= DMAN =

DMAN, also known as Departure Manager, is a planning tool developed to improve the departure flows at airports and increase the predictability. DMAN calculates the Target Take Off Times (TTOT) and the Target Startup Approval Times (TSAT) taking multiple constraints and preferences into account. As a result, the DMAN provides a planned departure flow with the goal to maintain an optimal throughput at the runway, reduce queuing at holding point and distribute the information to various stakeholders at the airport (i.e. the airline, ground handling and Air traffic control (ATC). EUROCONTROL have defined DMAN as:

"DMAN is a planning system to improve departure flows at airports by calculating the Target Take Off Time (TTOT) and Target Start-up Approval Time (TSAT) for each flight, taking multiple constraints and preferences into account."

== Benefits ==

The DMAN has several benefits which may vary depending on the local conditions at an airport. Generally the main benefits are:

===Environmental===
Reduced emissions since the Target Startup Approval Times (TSAT) from a DMAN calculation results in reduced queuing at the holding point at the runway. Aircraft can therefore reduce their overall taxi time from their gate/stand to their actual take off from the runway and minimise their fuel emissions.

===Predictability===
DMAN adds predictability to the departure flow resulting in optimised resource management for ground handling, airline operators etc.

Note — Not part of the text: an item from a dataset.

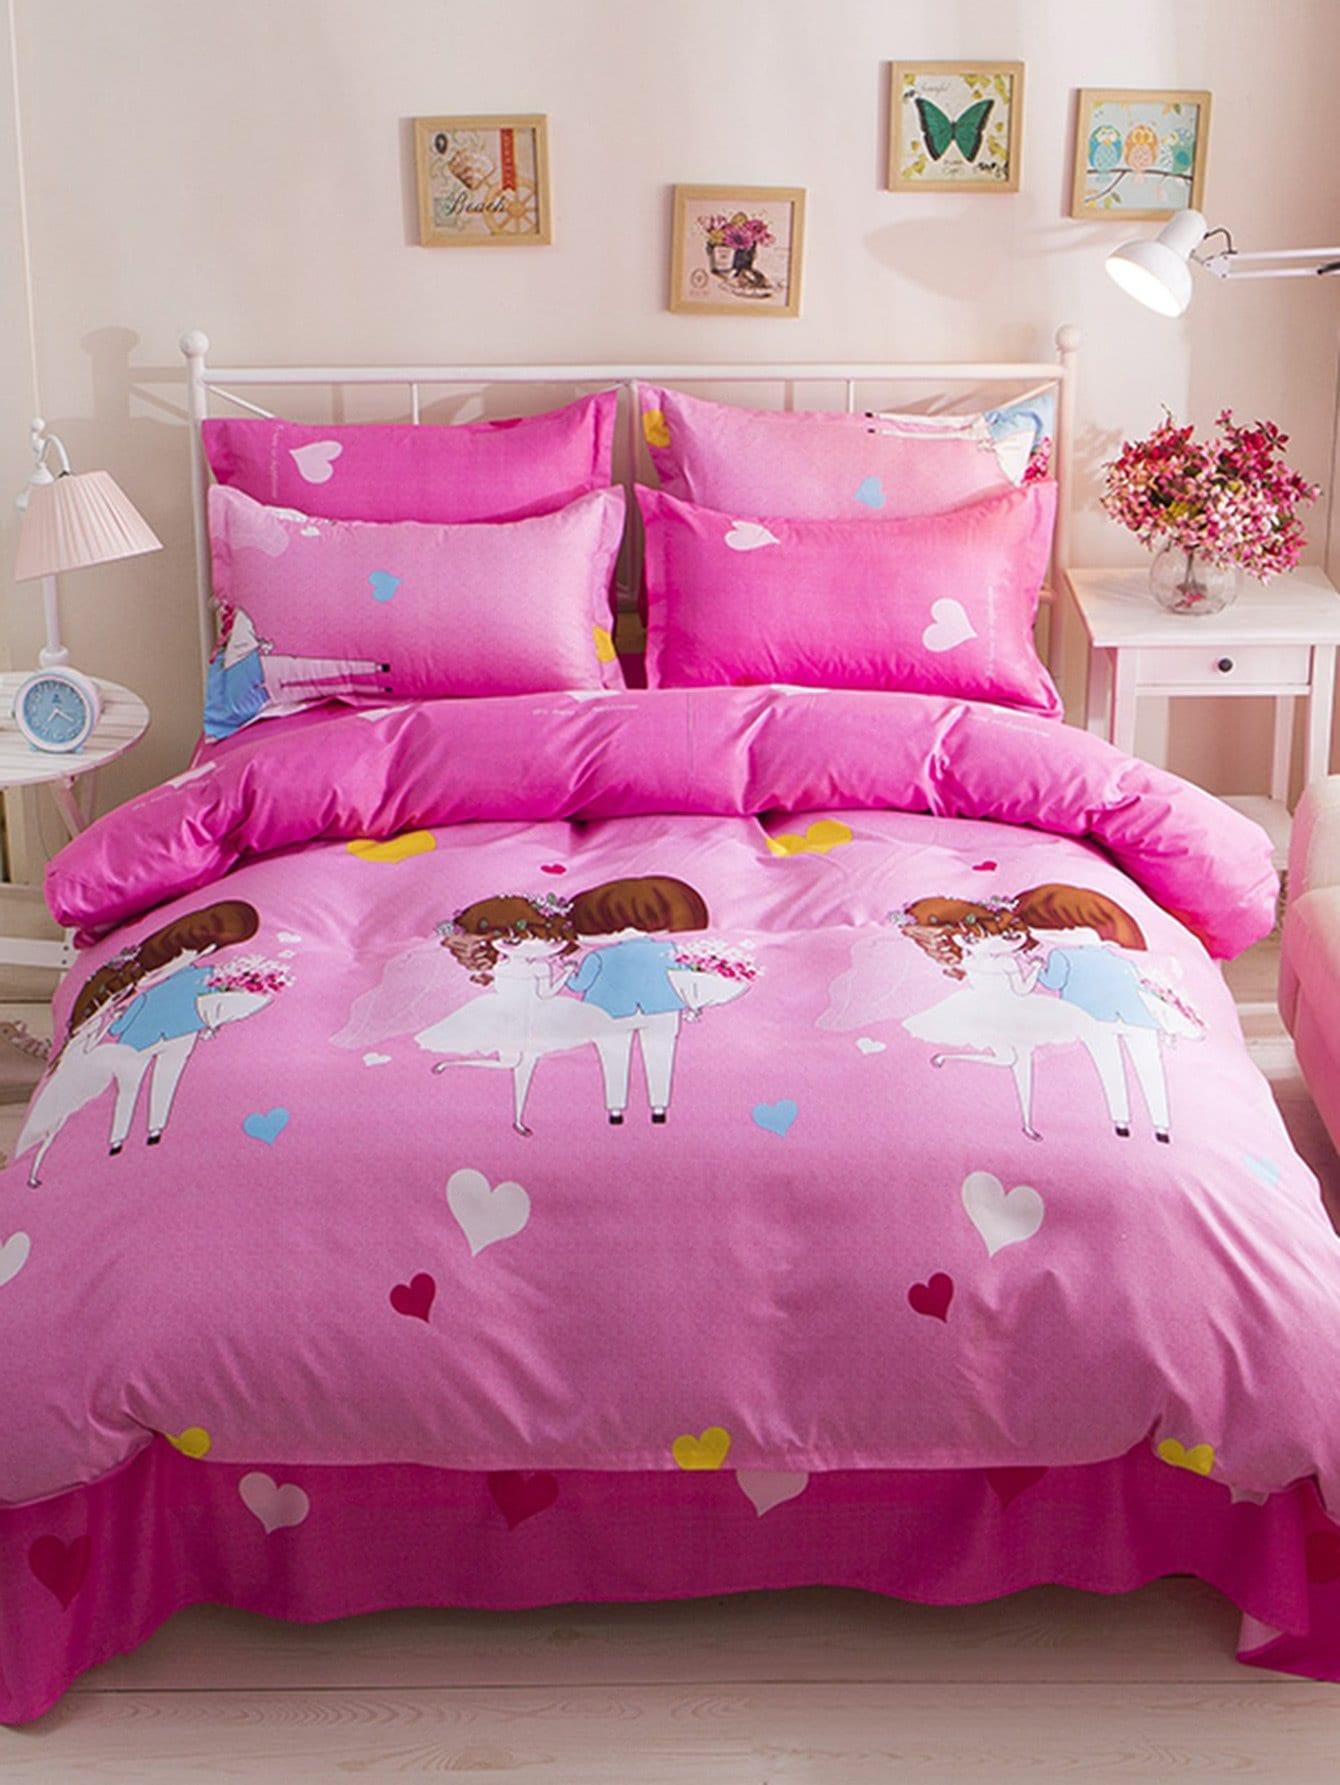 Figure & Heart Print Bedding Set heart print bedding set

The DMAN builds upon the EUROCONTROL A-CDM process and is an enabler for improving the quality of the information shared by the stakeholders at the airport. By creating a stable departure sequence the different operators can plan their work more efficiently.

===Reactivity===
DMAN enables an improved reactivity of unforeseen events and can therefore reduce the negative impact of such an event (e.g. instantaneous runway closure due to suspected debris, weather changes etc.). By constantly monitoring and distributing information the DMAN can support the air traffic control (ATC) in an airport to make a new plan based on the current situation and quickly distribute the information to the different operators and stakeholders at the airport.

===Safety===
During peak hour operations the DMAN have shown a positive impact on ATC workload since the DMAN holds aircraft at gate and as a result reduces the amount of traffic taxiing simultaneously.